The global tissue engineering market reached US$ 18.9 billion in 2024 and is expected to reach US$ 65.1 billion by 2033, growing at a CAGR of 14.9% during the forecast period 2025-2033.

Tissue engineering is an important tool in understanding how certain conditions progress and how they can be treated. It is part of the field of bioengineering, a broad discipline that combines principles from biology and engineering. Bioengineering is sometimes described as taking an engineering approach to the study of biology. Tissue engineering involves investigating the biological, physical, and chemical forces involved in tissue development, injury, and wound healing.

The goal of tissue engineering is to fabricate functional tissues and organs that can integrate seamlessly with the patient's body, ultimately improving patient outcomes and quality of life. This field encompasses various approaches, including scaffold-based techniques, cell-based therapies and bioactive molecule delivery systems.

The tissue engineering market is experiencing consistent growth with advancements in the field of tissue engineering and rising funding for tissue engineering. For instance, in November 2023, SPRIND Funke Tissue Engineering launched a ten-month journey to explore and demonstrate the key characteristics of artificial tissue embarking with four ambitious teams. SPRIND provided up to EUR 500,000 in funding to support this groundbreaking work.

Market Dynamics: Drivers & Restraints

Rising prevalence of chronic diseases

The rising prevalence of chronic diseases is significantly driving the growth of the tissue engineering market and is expected to drive the market over the forecast period. As chronic diseases such as diabetes, cardiovascular diseases, osteoarthritis and kidney disorders increase globally, the need for advanced treatment options, including tissue engineering, has grown.

For instance, according to the WHO, an estimated 17.9 million people die from cardiovascular diseases (CVDs) each year, making them the world's leading cause of mortality. The bulk of the 422 million individuals with diabetes globally reside in low- and middle-income nations, and the disease is directly responsible for 1.5 million fatalities annually. Around 1.71 billion people worldwide suffer from musculoskeletal disorders. The need for tissue engineering is expected to rise as a result of the rising incidence of numerous chronic illnesses.

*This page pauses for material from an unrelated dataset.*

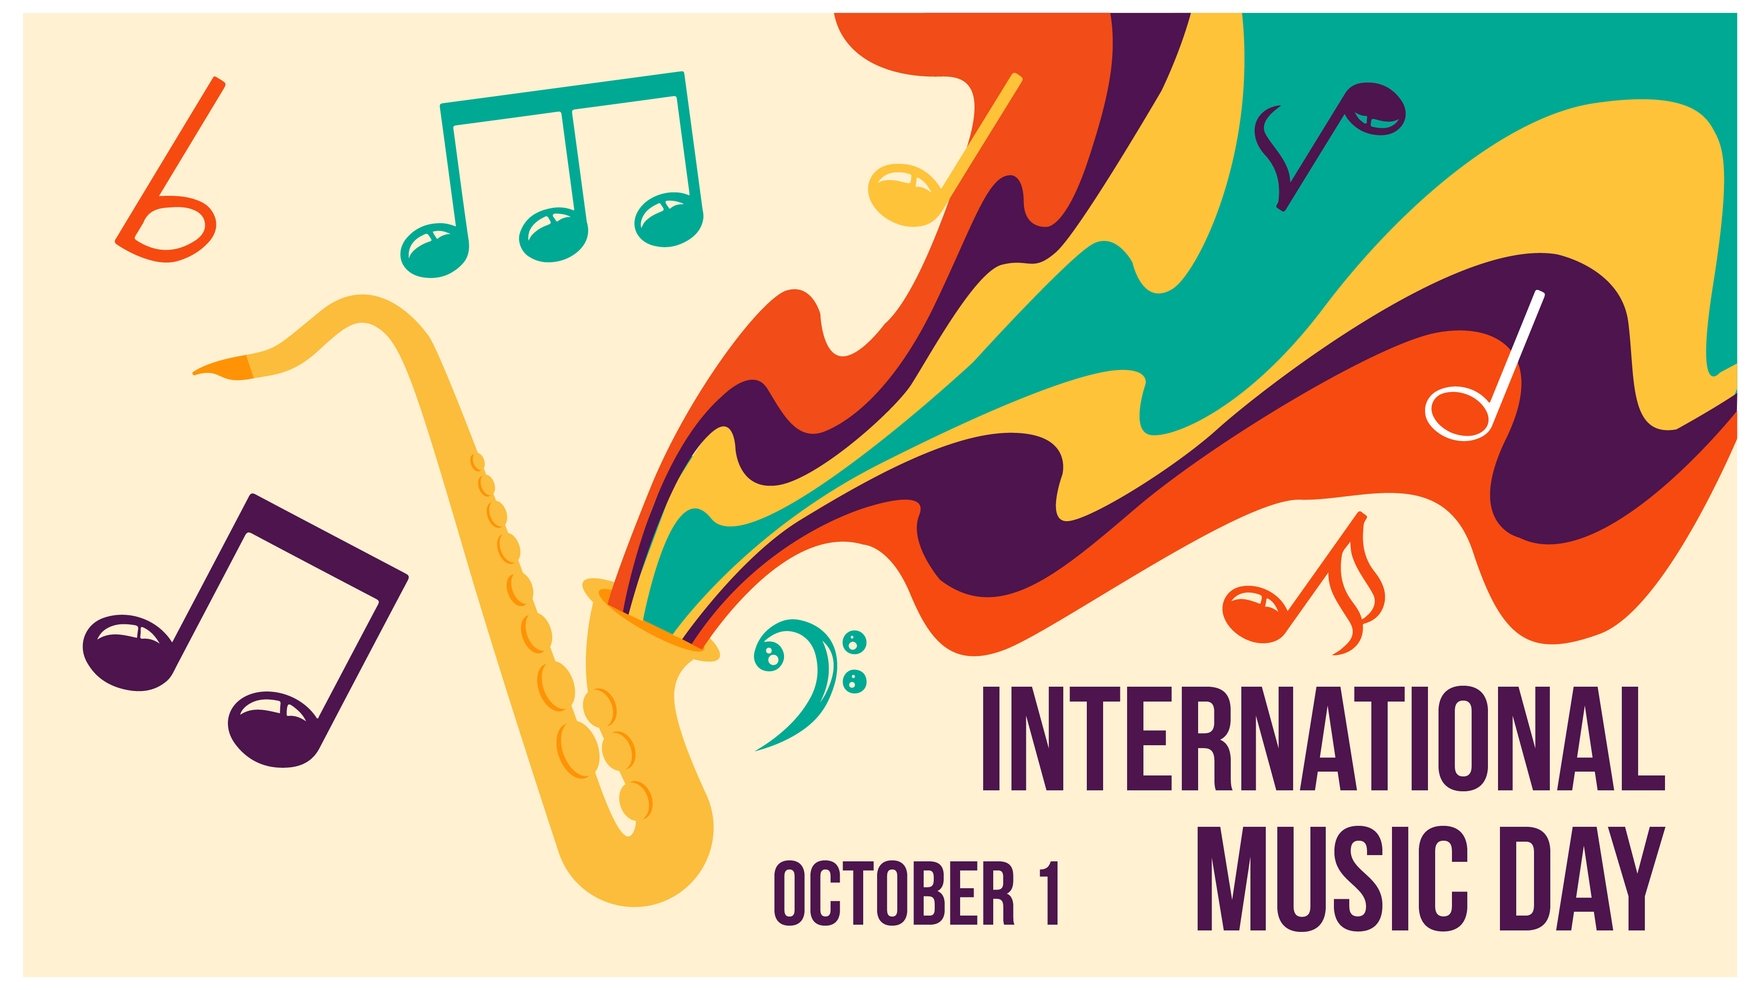 Free International Music Day Image Background

Chronic diseases often lead to tissue damage or degeneration that traditional treatments cannot fully repair. Tissue engineering offers solutions by creating replacement tissues or organs, aiding in healing and regeneration. For instance, diabetic patients suffer from poor wound healing, necessitating tissue engineering for skin or vascular repair.

Additionally, developments in brain, lung, liver, and bone tissue engineering are useful for creating in vitro models of cancer metastasis. Because tissue engineering offers ways to directly examine carcinogenesis and migration at metastases, it has the potential to revolutionize cancer research. Since inducing angiogenesis is a key characteristic of cancer, neovascularization is frequently linked to the formation of solid tumors. Additionally, tissue engineering makes it possible to replicate the tumor microenvironment and all of its intricate and multifaceted features. Thus, rising cancer cases boosts the demand for tissue engineering.

High cost associated with the tissue engineering technique

The high cost associated with tissue engineering techniques is one of the major factors hampering the growth of the tissue engineering market. While tissue engineering holds promise for addressing chronic diseases and tissue damage, the costs involved in its development, production, and implementation are significant. For instance, according to the National Institute of Health (NIH), the total costs of stem cell-based tissue-engineered airway transplants for the three UK patients treated ranged from $174,420 to $740,500.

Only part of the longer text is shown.